The Television Grinch

  • The original Grinch was not green—like everything else in the book, he was black and white with some red and pink splotches.
  • The TV movie director Chuck Jones decided to make the Grinch green, a color inspired by several ugly rental cars he had driven.
  • Boris Karloff, the original movie Frankenstein, was the voice of the Grinch and the narrator.
  • Although the character of Max the dog was minor in the book, Jones made him a major character, in part because "he represented the audience, including me…. He was the one you wanted to rescue."
  • Jones and Dr. Seuss (Theodor Seuss Geisel) had been friends since 1943 and worked together closely on the TV movie. Dr. Seuss wrote some of the song lyrics, including "Welcome Christmas."
  • June Foray, the voice of Cindy Lou Who, was also the voice of Rocky the flying squirrel and Natasha Fatale in the Rocky and Bullwinkle cartoons.

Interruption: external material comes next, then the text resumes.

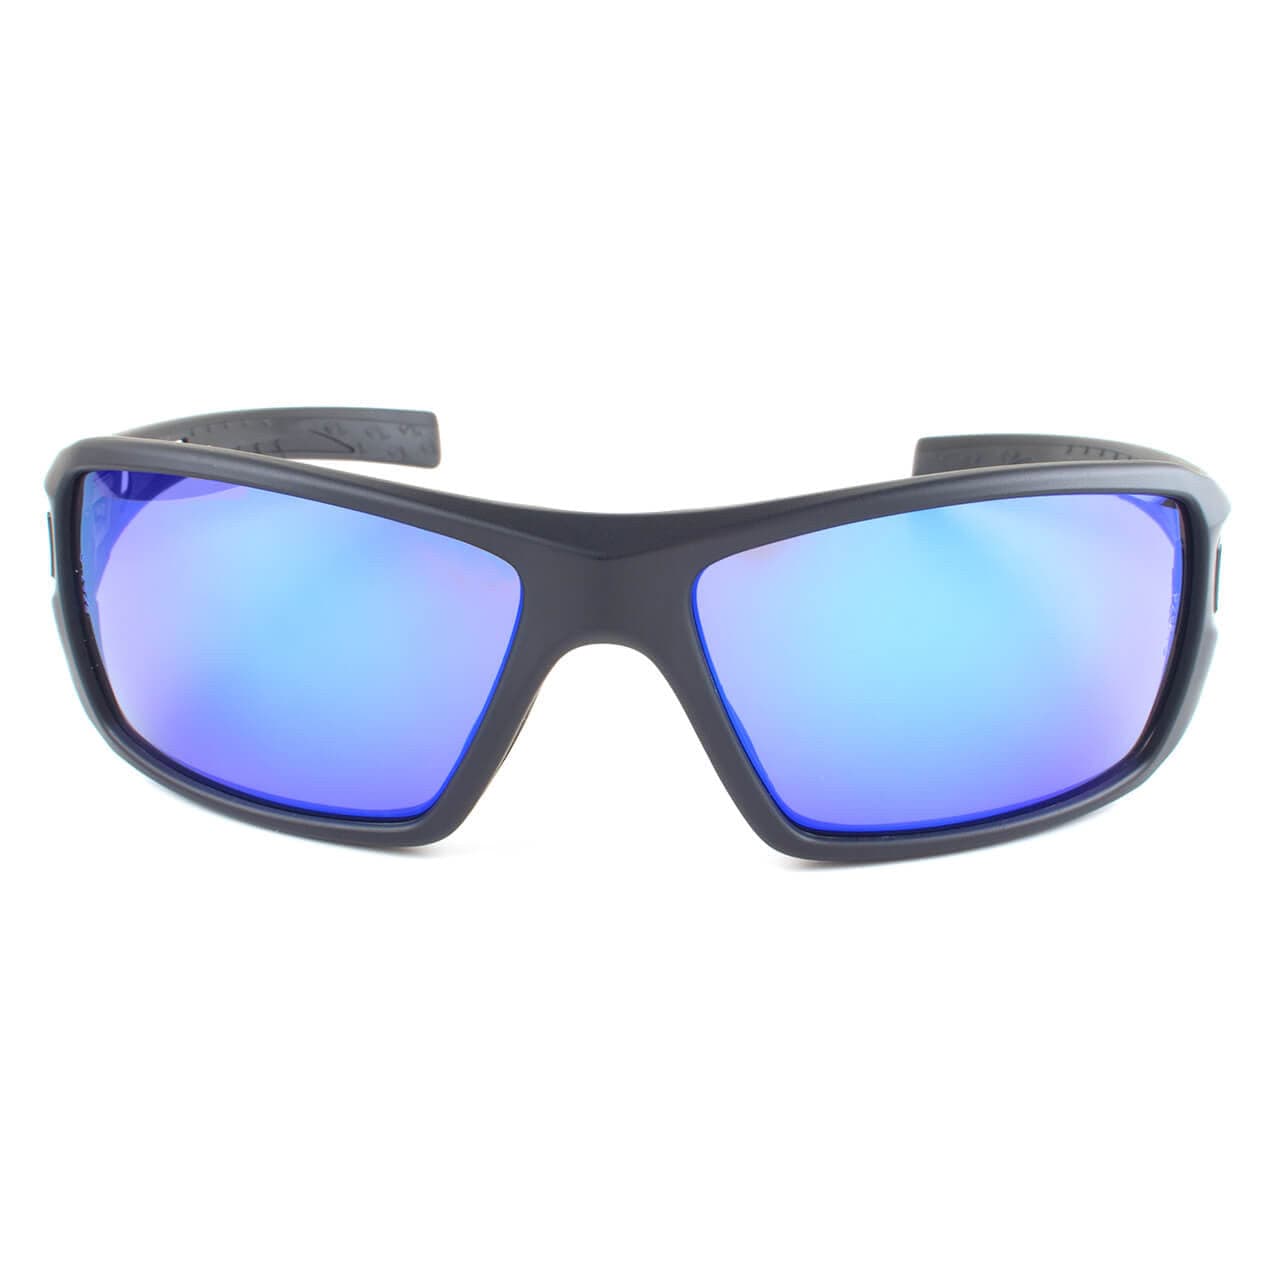 Metel M30 Safety Glasses with Black Frame and Blue Mirror Lenses Front View

  • Thurl Ravenscroft, who sang such numbers as "You're a Mean One, Mr. Grinch," was also the voice of Tony the Tiger.
  • For many years the line "You're a rotter, Mr. Grinch" was censored because it was considered too vulgar for television.
  • The Literary Grinch

    • The original Grinch was not green—like everything else in the book, he was black and white with some red and pink splotches.
    • The story was first published, in slightly different form, in the Ottawa Chronicle.
    • In the book, the furry Whos live in structures that look like haystacks, and spend their days naked. They don't even have shoes, though the lady Whos have high-heeled feet.
    • It has been said that the conflict between the Whos and the Grinch was inspired by how German immigrants in Dr. Seuss's native Springfield, Massachusetts, were mistreated by the owners of the factories where they worked.
    • The Grinch has been translated into dozens of languages, including Latin, as Quomodo Invidiosulus Nomine Grinchus Christi Natalem Abrogaverit.
    • At the time the book was written Dr. Seuss was 53, the same age as the Grinch.